The barnlike room was bathed in the eerie, reddish-tinged shine of the neon beer signs in the long front window. Flagg glanced curiously at the scattered wooden tables with their matching chairs, and at the glitter-decorated musicians’ dais. Then he turned and went behind the long polished bar on his left.

The planking squeaked beneath his canvas shoes as he moved slowly along the back-bar. When he reached the well where the house bourbon was located he picked up the bottle of Old Pilgrim from which he had been served just before the two A.M. closing. He removed the pour spout and sniffed briefly at the neck. Then, for reaffirmation, he tilted the bottle to his lips and allowed a small amount of the liquor to wet his tongue. It was the same: sour, yeasty, very young — not at all of the high quality for which the brand was widely renowned.

Flagg examined the bottle carefully. The glass had a few small flaws, but it was generally a skillful replica of the genuine Old Pilgrim decanter. Only an expert such as Flagg could have told the difference. The label had been well made, from good engraving plates, but the manufacturer’s code was incorrect and the paper was of a cheaper quality than the high rag content of the real ones; too, the green of the ink had a slight yellowish cast that should not have been present. The federal tax stamp had a set of perforations that revealed it to be an obvious forgery.
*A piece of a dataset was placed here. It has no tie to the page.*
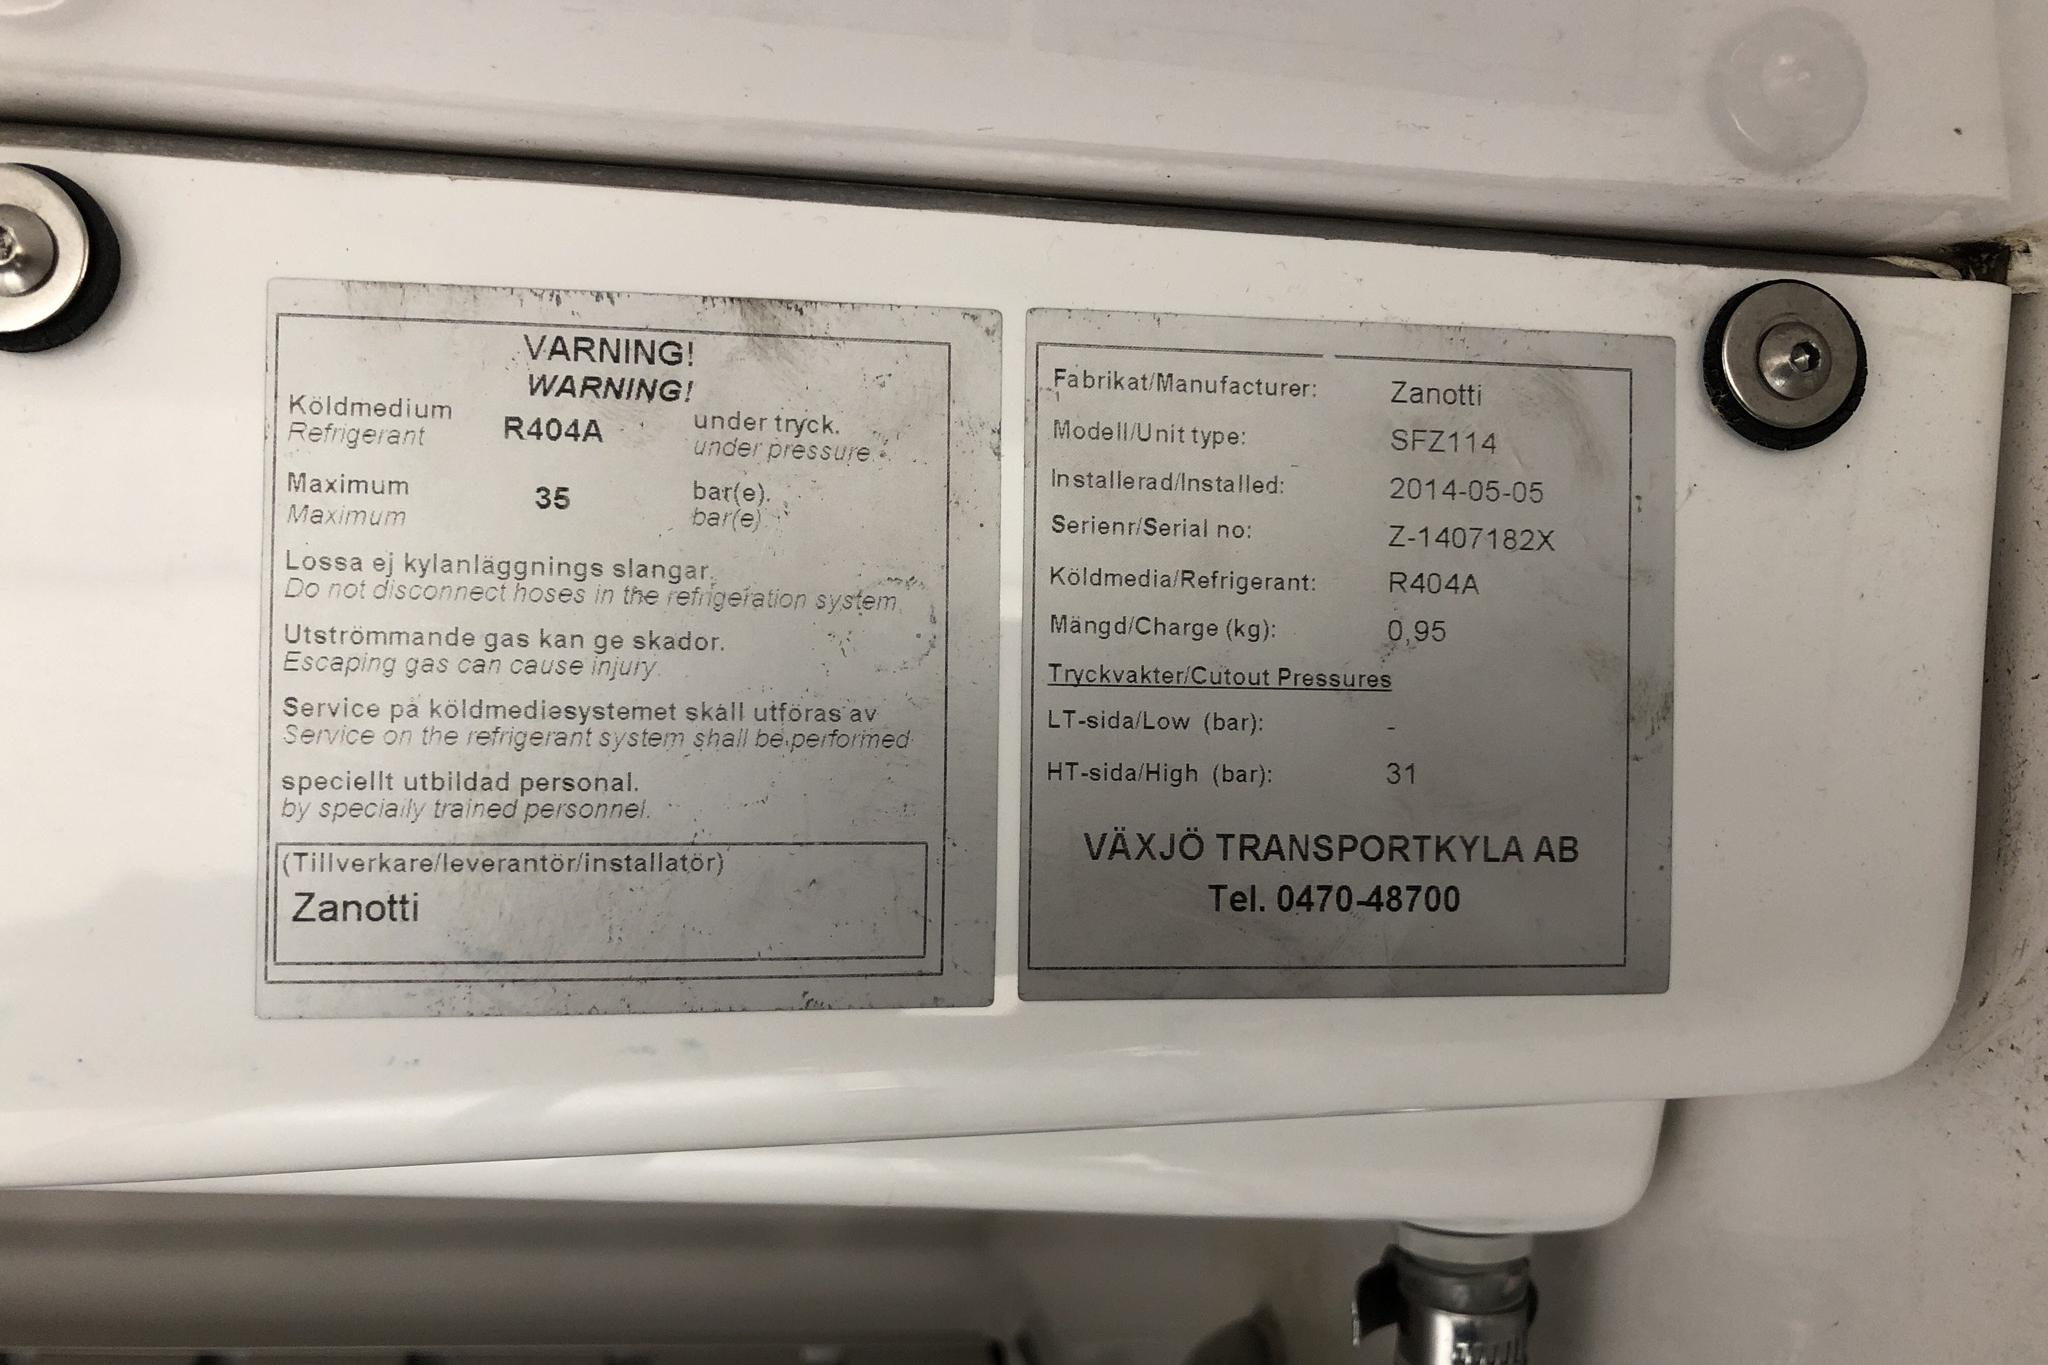 VW Transporter T5 2.0 TDI (140hk) - 80 860 km - Manual - white - 2014

He replaced the bottle. Now, at least, he had something definite to go on. If he could only locate—

The overhead lights suddenly blazed on.

Flagg whirled, crouching, his hand flashing inside the deer hunter’s jacket. But he let it freeze there when he saw the tall blonde girl standing in the storage room doorway. She was dressed in a pair of bluejeans and a plaid jacket, and she had a small, light deer rifle cradled in her hands. The muzzle was pointed at his belly.

She said, “Oh, so it’s you,” as if she were very disappointed. “You’re the last person I would have figured for a night prowler.”
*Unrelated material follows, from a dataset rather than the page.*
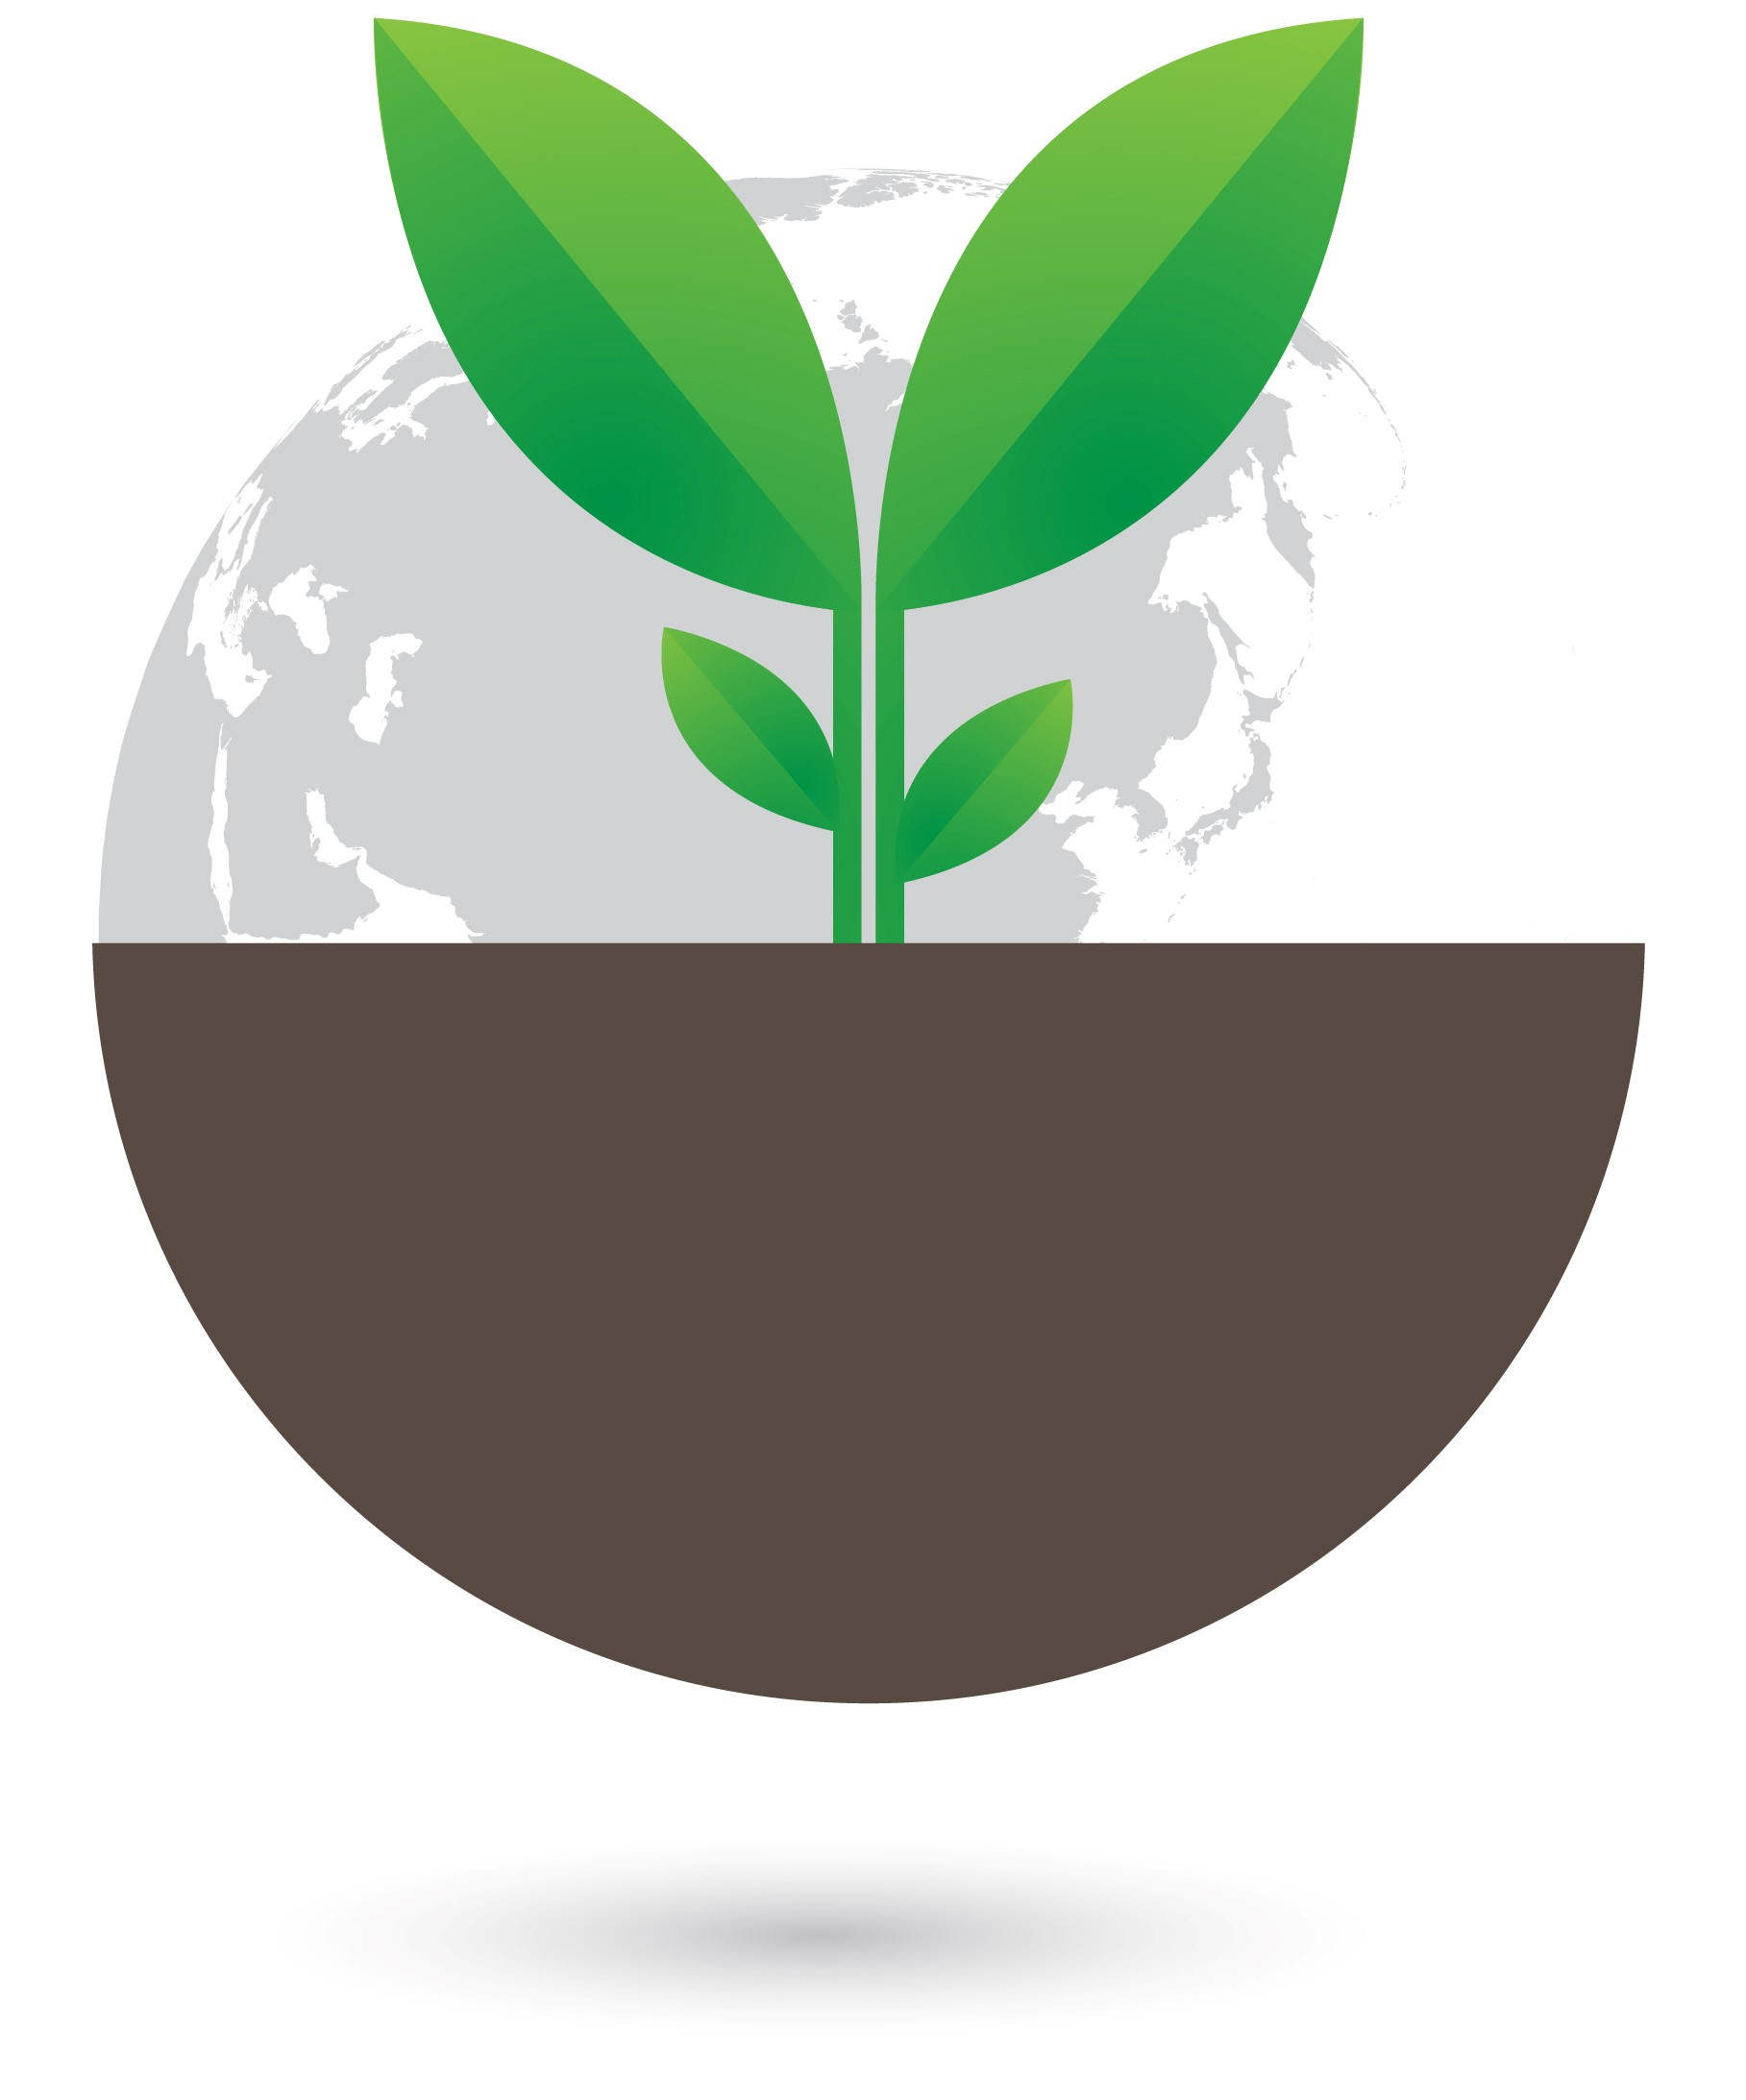 Upland Hills Health Green Initiatives: 2020

Flagg relaxed, straightening up. The girl worked at Barney’s Oasis as a waitress, and he had been making small talk with her only a couple of hours ago. Her name was Terry Kenyon. “I thought you’d be long gone home by this time,” he said.

“I live in one of the cabins out there,” she told him coldly. “I couldn’t sleep, so I decided to take a walk. And I saw you fooling around at the rear door.”

“So you went home and got your rifle,” Flagg said. “Well, all right, you can put it down now.”

“The hell I can.”

He took a couple of short, exploratory steps forward. “Take it easy,” he said. “This isn’t what it looks like.”

“No?”

“No. I can explain.”

“You can do your explaining to the sheriff.”

Flag laughed. “That’s pretty funny.”

Her soft red mouth tightened. “I’m glad you think so.”

“You’re not going to call the sheriff.”

“And why not?”

“Because you don’t want him nosing around here,” Flagg said. “Not with this place pushing moon.”

“What?”

“You heard me. Moonshine. Bootleg liquor.”

“You’re crazy,” Terry said incredulously. “That kind of thing went out with Prohibition.”

“No,” Flagg said. “Illicit liquor traffic is heavier than ever, all across the country. It’s a multimillion dollar industry.”

“Well, I don’t—”

Flagg took two quick shuffling steps forward and jerked the rifle out of her hands. She made a small cry, her eyes widening. He backed off, holding the weapon crooked in his right arm.

She was frightened now. “What are you going to do?”

“That depends on you.”

“Meaning what?”

“I wasn’t kidding you about that moon,” Flagg said. “The Old Pilgrim that Barney uses for a house bourbon is pure shine.”

She brushed silklike strands of blonde hair back from her forehead. “I just can’t believe it.”

“You didn’t have any idea that’s what was going on?”

“No,” she said. “No, I didn’t.”

Flagg studied her for a long moment. He would have given odds that she was telling the truth. He decided to take a chance. “Look, Terry,” he said quietly, “I’m going to level with you. I’m probably putting my neck in a sling doing it, but I’m at a dead end otherwise.”

“What are you talking about?”

“I’m a Treasury agent,” he said, watching her face for a reaction.

Her eyebrows knitted, but that was all. No, she wasn’t in on it, he was certain now. He continued, “With the Alcohol and Tobacco Tax Unit for Northern California. Based in San Francisco. Somebody is manufacturing and distributing large amounts of contraband liquor in these mountains. It’s my job to find out who.”

She looked at him with a different expression, as if she were very glad he wasn’t a night prowler after all. “Why are you telling me all this?” she asked finally. “I told you, I don’t know anything about it.”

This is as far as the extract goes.